Controlling the main triggers of heat and stress can prevent hives:
- Appropriate clothing
- Do not shower or bathe too hot
- Relaxation techniques
Cold / cooling during the push:
- Briefly in the fresh air to cool down
- Drink a cool drink
- Take off clothes that are too warm
- Evt.Ice pack (eg Nexcare ColdHot, Dermaplast Ice Pack).
Refractory phase:
- After a relapse, there is a symptomless refractory phase of a few hours to a day.
Climate:
- The symptoms occur mainly in winter and often improve in summer.
Drug treatment
In mild cases, drug therapy is usually not necessary, as symptoms disappear quickly during an episode. Antihistamines:
- Antihistamines can be used in self-medication. Hydroxizine is commonly used because it is not only antihistamine, but also has antianxiety and sedative effects. Other 1st and 2nd generation antihistamines such as cetirizine or loratadine are also suitable. High dosages may be necessary. A disadvantage of these drugs are adverse effects such as fatigue.
Skin care products:
- Skin care products such as creams or hydrolotions nourish the skin and can be applied in an acute episode to cool.
Herbal medications:
- Herbal sedatives can be taken preventively for relaxation if stress is a major trigger.
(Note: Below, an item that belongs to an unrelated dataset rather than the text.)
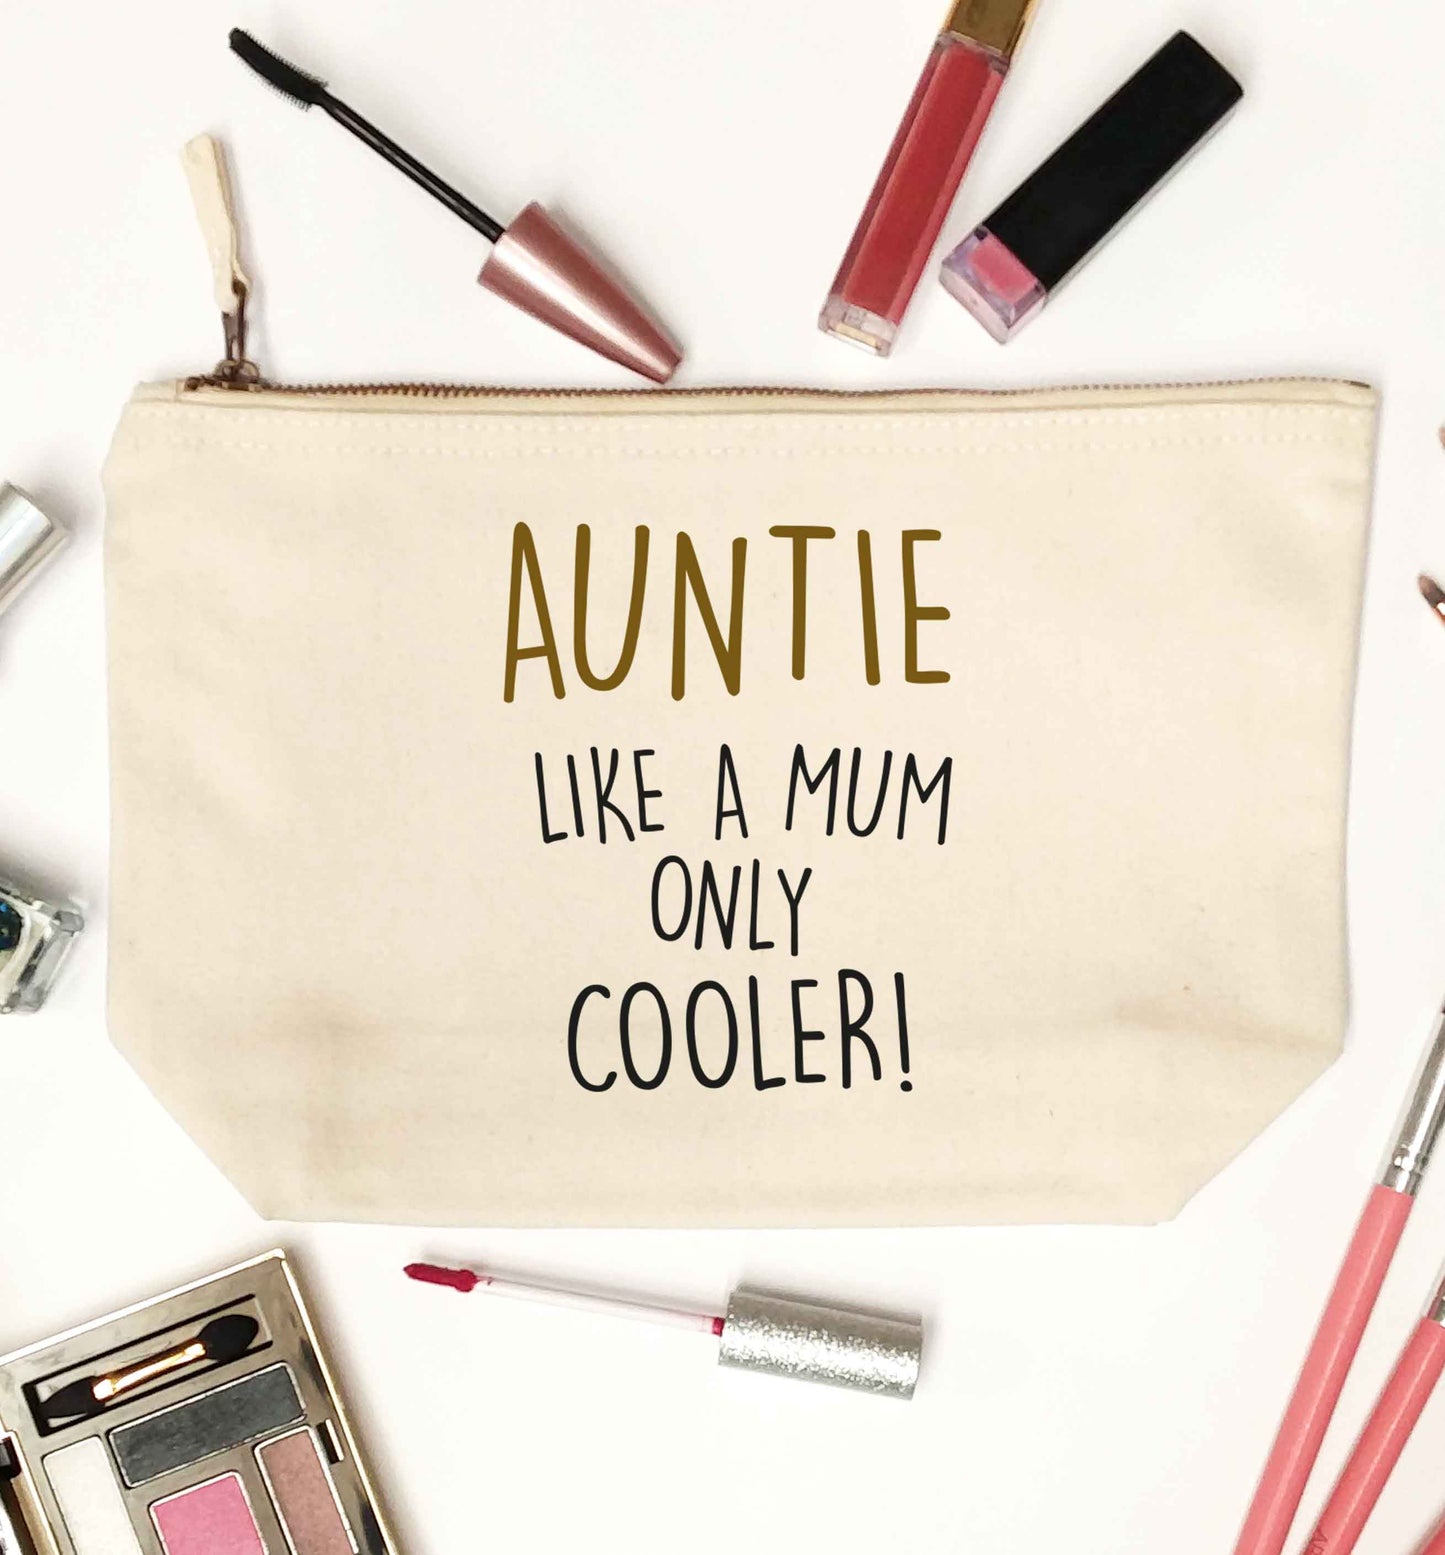 Auntie like a mum only cooler natural makeup bag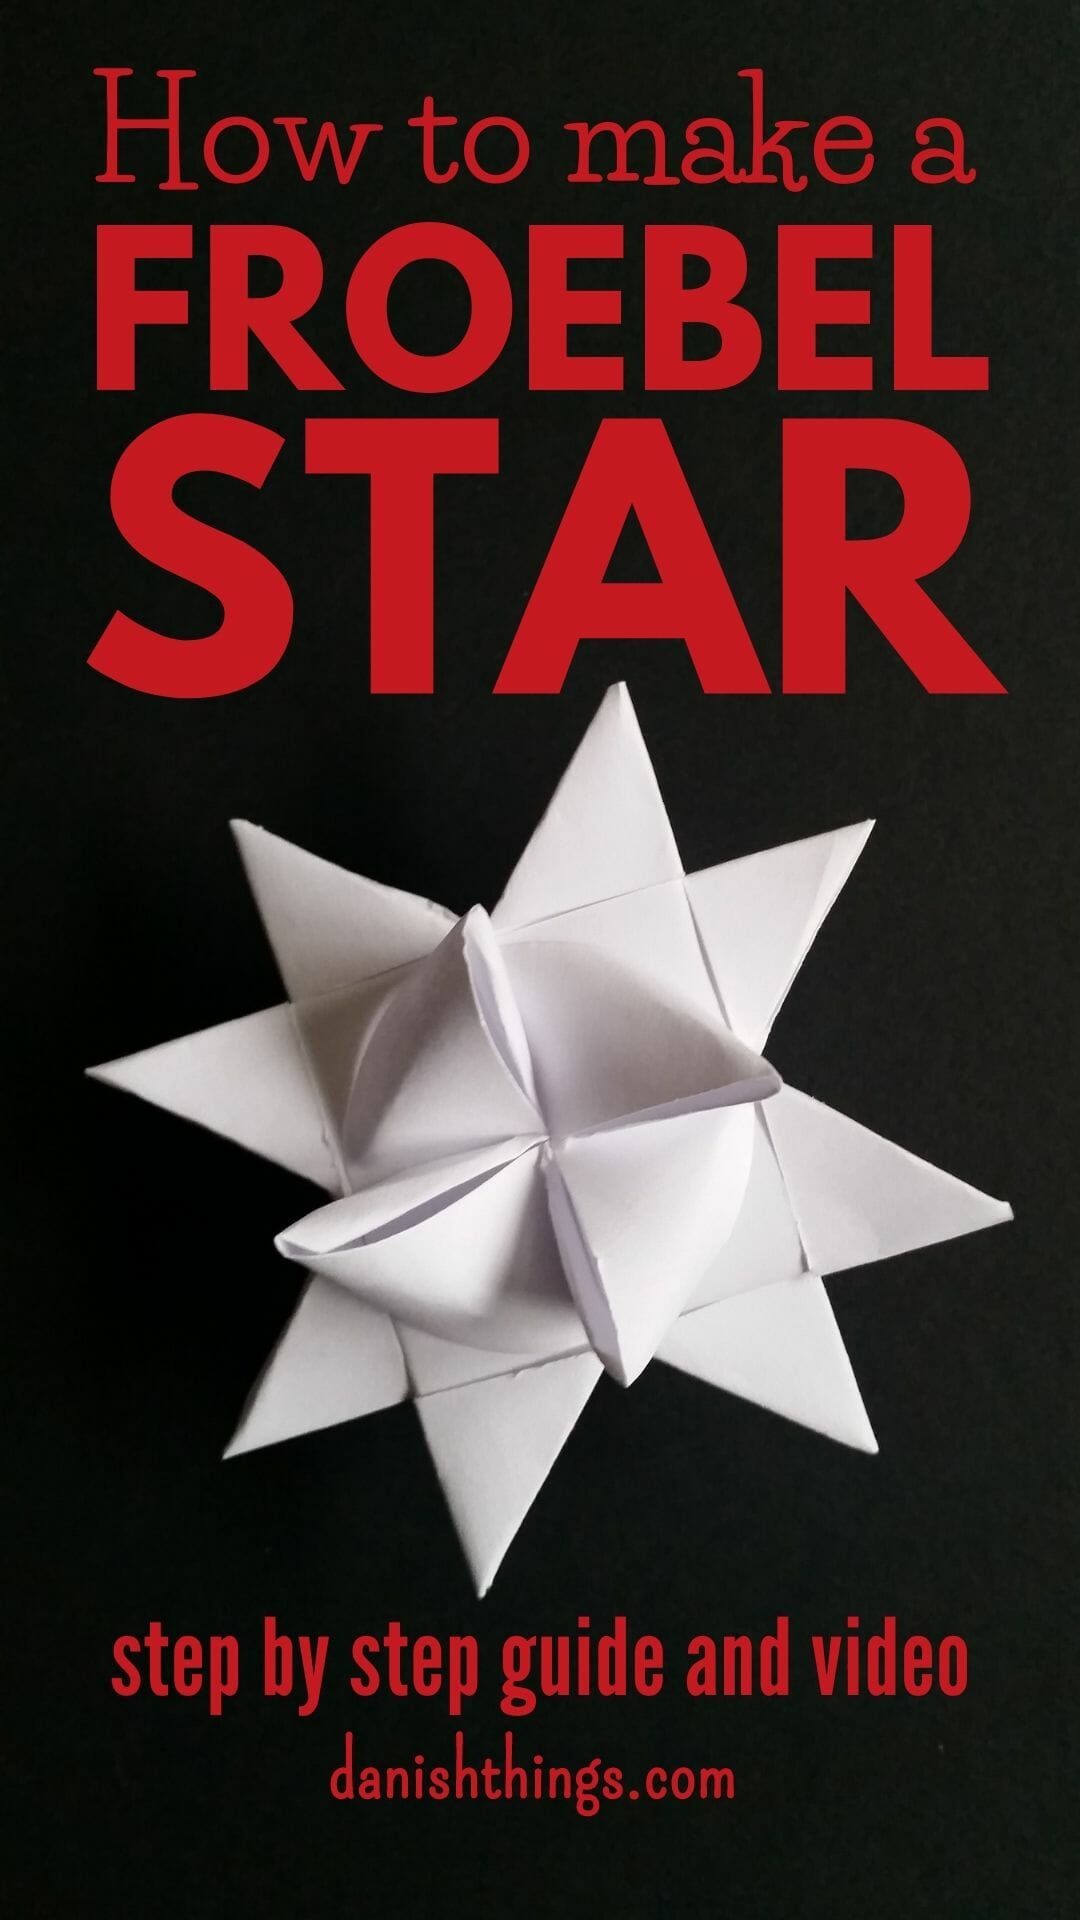 How to make a Froebel star - a classic Danish Christmas decoration. A Christmas star - step-by-step guide. Whether you weave or fold paper stars, if you are a beginner or experienced, you will get help with text, photos, and videos for every step. Find recipes, step-by-step guides, free print, and inspiration for this time of year at danishthings.com © Christel Parby - Danish Things #DanishThings #froebelstar #frobelstern #paperstar #paper #star #howto #howtoguide #danish #christmas #decoration #homemade #decoration #danishchristmas #danishstar #adventstar #advent #nordic #german #christmasstar

Suitable are, for example, valerian, lemon balm, hops, California poppy, kava kava, lavender, orange blossom, passion flower, peppermint or St. John’s wort. Adaptogens such as ginseng, rose root or taiga root are said to increase stress tolerance.
Other medicines:
- Mast cell stabilizers such as ketotifen or cromoglicic acid may be used if prescribed by a physician.
- Glucocorticoids are indicated only in severe courses.
- Psychotropic drugs such as beta-blockers or antidepressants may be used as needed if anxiety or stress is a major trigger or psychological complications occur.